As Lakers lurch toward season’s end, opponents want to spend time with Kobe

As Lakers lurch toward season’s end, opponents want to spend time with Kobe

Kobe Bryant, left,  talks with the Miami Heat’s Dwyane Wade, right, after the Lakers’ 101-88 loss in Miami on Nov. 10. 

(David Santiago / El Nuevo Herald)

Thankfully, mercifully, and please feel free to use any other adverb that applies, the Lakers are finally stumbling into the last turn of their 2015-16 abyss.

They’ll have to finish 6-2 to tie last season’s ugly 21-victory total, and if you think a team that’s won 20% of the time can suddenly win 75% of its remainders, you’re the most optimistic optimist in optimism history.

Almost everybody was speechless Monday after the Lakers matched their largest loss ever, a 123-75 point debacle in Utah.

How to describe it?


“You can’t. It’s embarrassing,” power forward Julius Randle said after getting two points and a rebound in 24 minutes. And he’s one of the Lakers’ more dependable players.

Magic Johnson tried to fathom it on Twitter, saying the Lakers (15-59) lacked hustle and “were out there going through the motions.”

That’s from a guy who’s close friends with Lakers Coach Byron Scott.

Then Johnson called this season “the worst in Lakers history” about a week before it could become official.


“The only good thing about this Lakers season is that we get a chance to say goodbye to Laker Great and Future Hall of Famer, Kobe Bryant!” he said.

The young Lakers haven’t been looking too great lately, starting with Randle.

He has plenty of drive on most nights, but one play Monday captured his lack of height for his position. He pump-faked once, twice, three times from a crowded spot down low, couldn’t get Utah’s big men to bite and threw up an off-balance layup attempt. It was a miss.

Rookie D’Angelo Russell was scoreless in the first half as the Lakers trailed by 27. He looked tentative, nothing like the player who had a six-game run earlier this month in which he averaged 23.7 points.

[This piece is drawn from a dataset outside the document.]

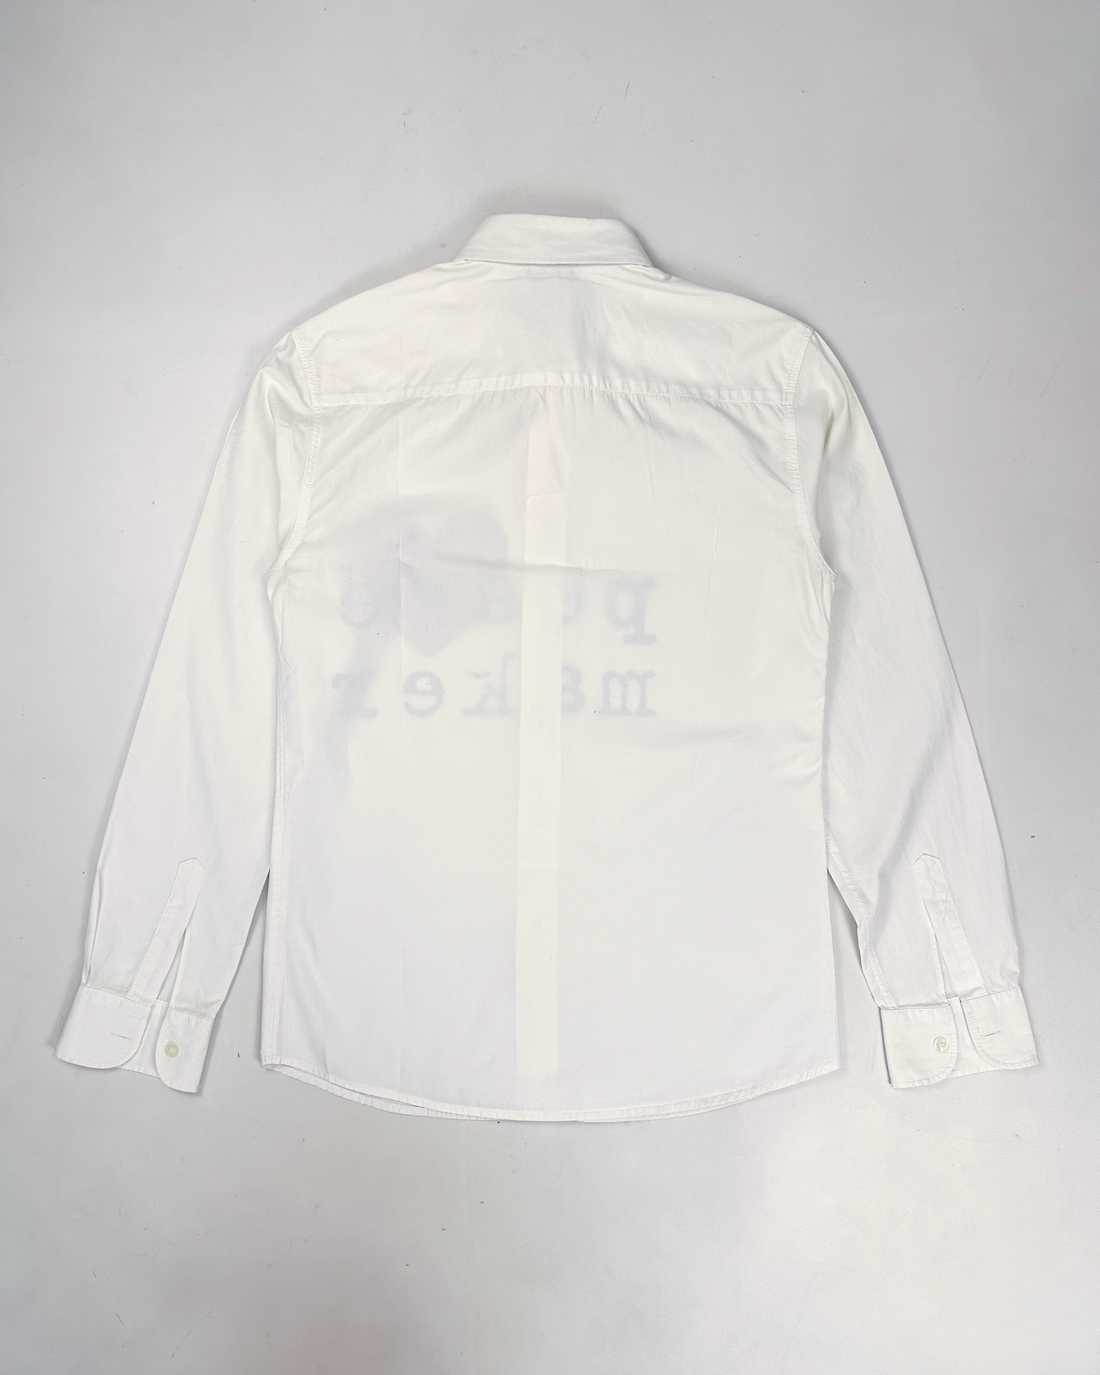 Moschino "Peace Maker" White Shirt 2000's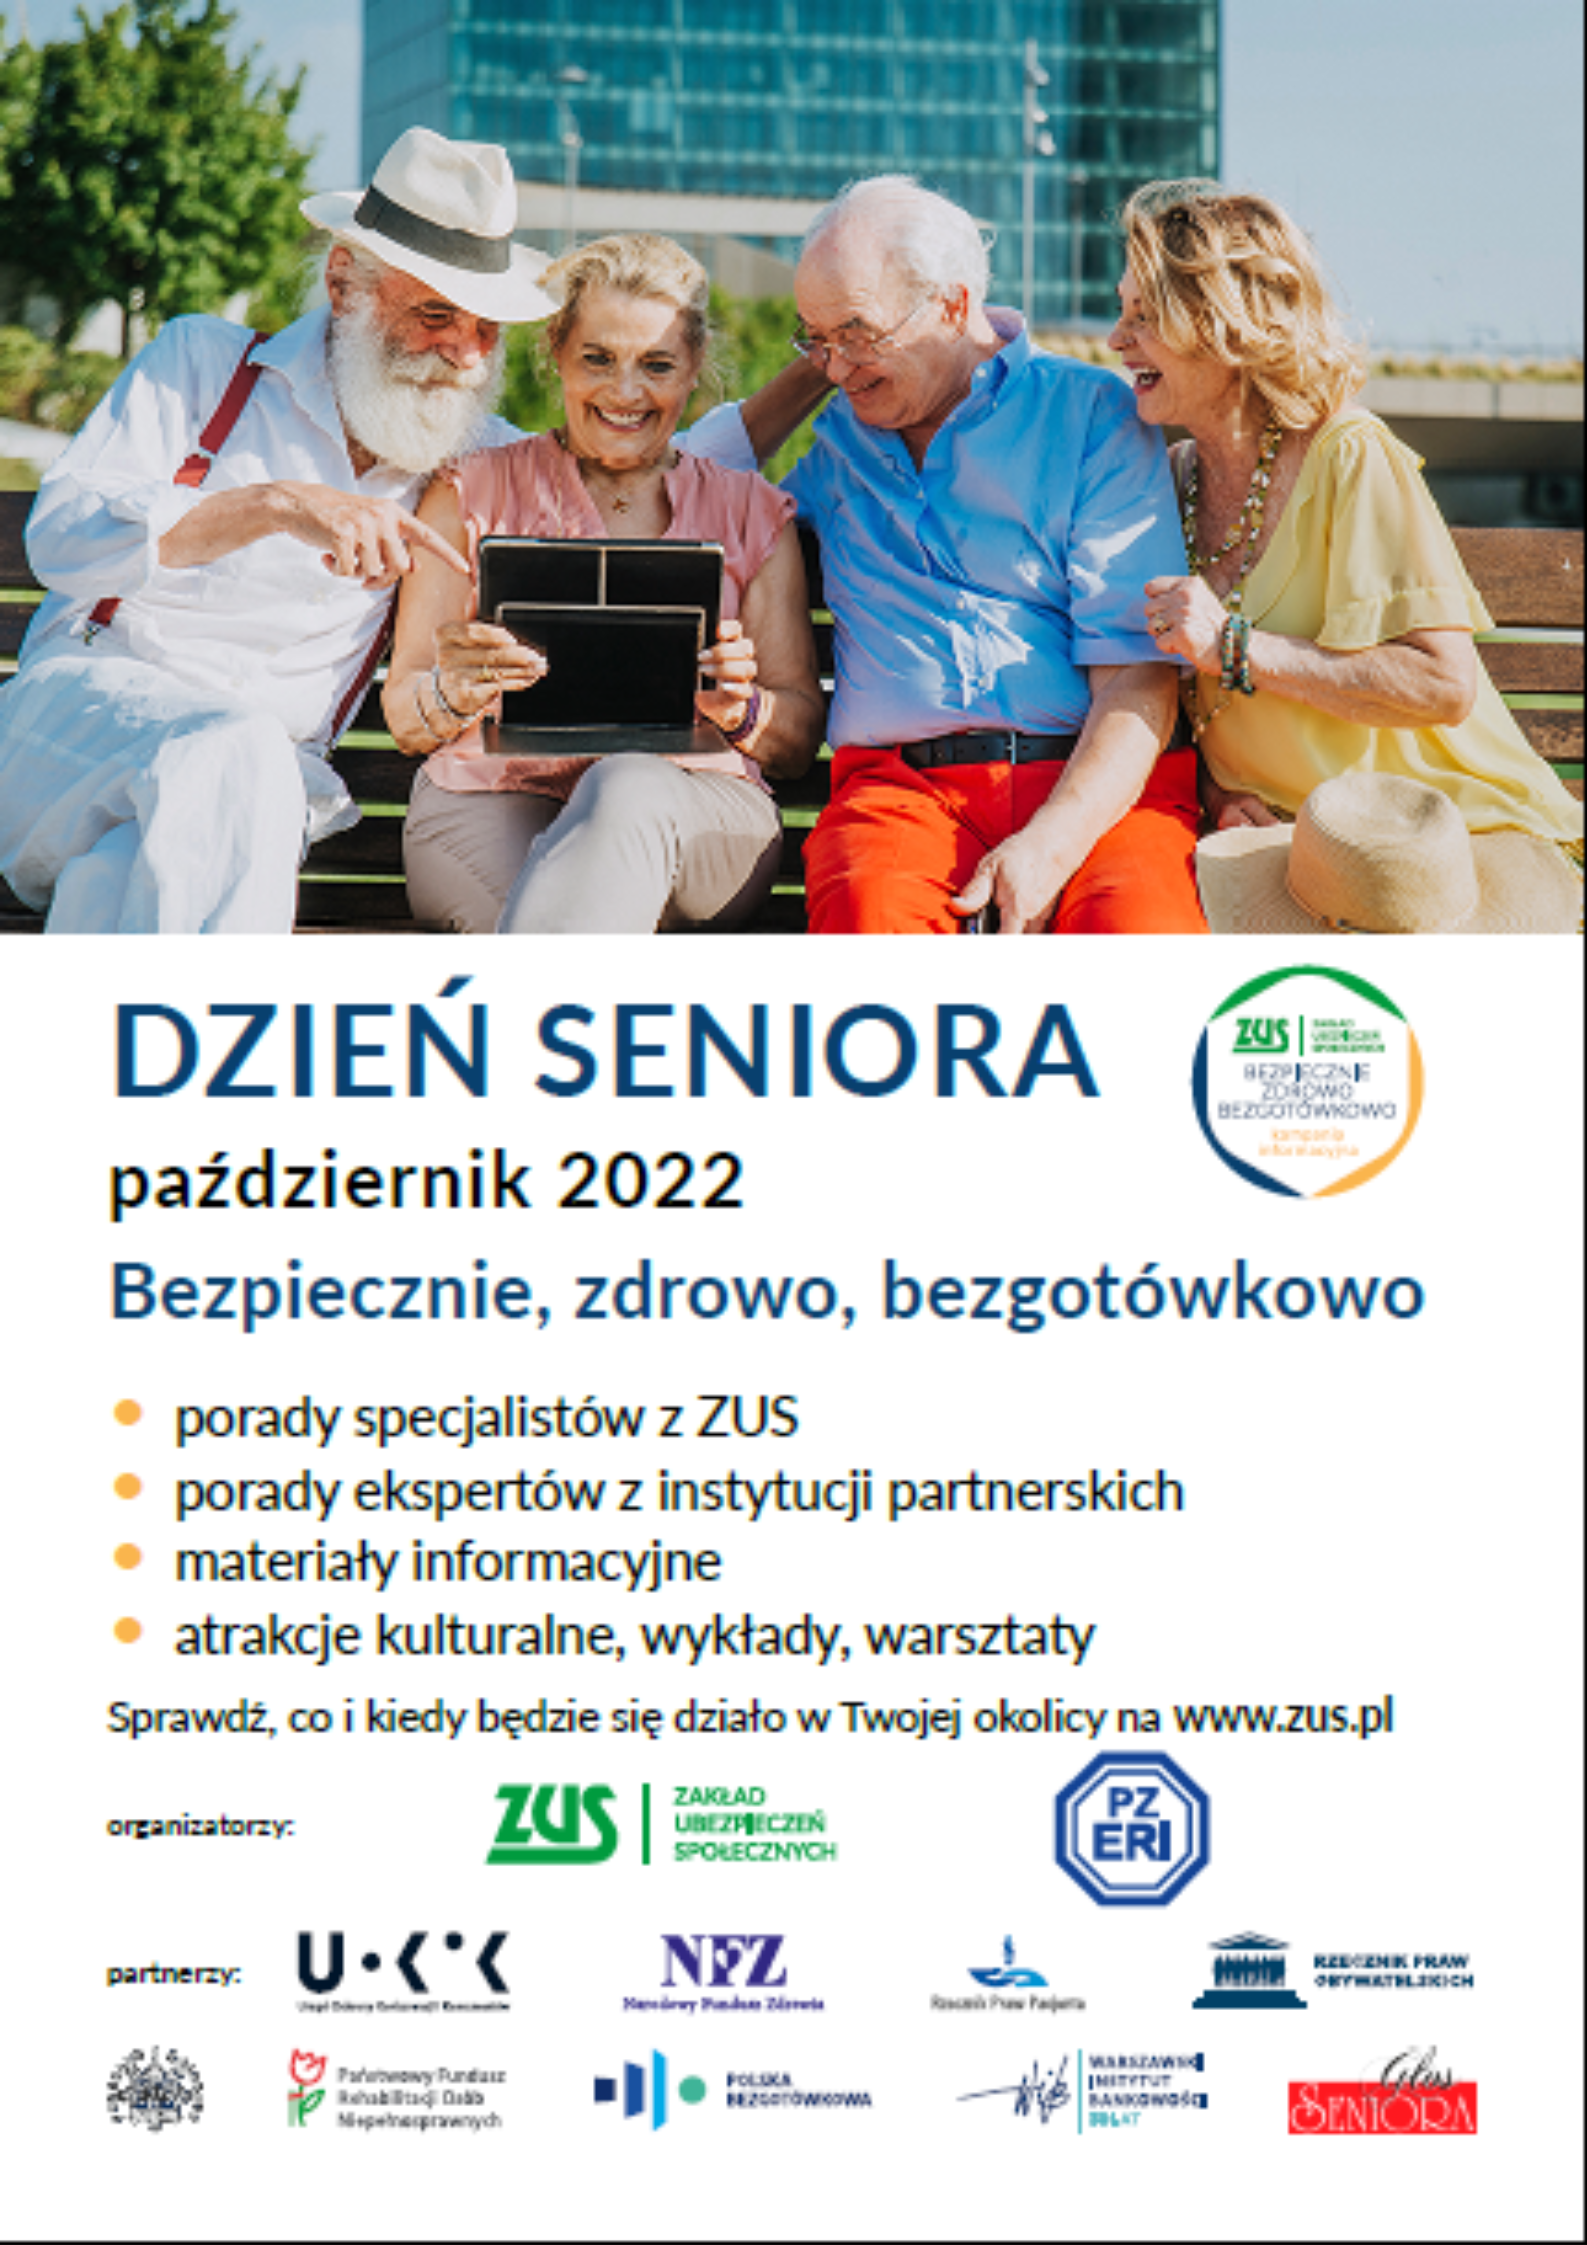 Plakat promujący Dzień seniora w ZUS - w miesiącu październiku

At least there’s Bryant, or whatever’s left of him, for the final lap of his 20-year career. He delivered a staggering minus-43 rating in the plus-minus category against Utah and, here’s the best part, was credited with shutting down red-hot Rodney Hood in the second half.

Not that Bryant sounded really excited about any of it. “I’d rather not have to chase him all over the place like that. My body can’t really do that too much,” he said, smiling ruefully.

One of the season’s recent paradoxes continued to present itself after the game. Young opponents hammer the Lakers and then want to hang with Bryant.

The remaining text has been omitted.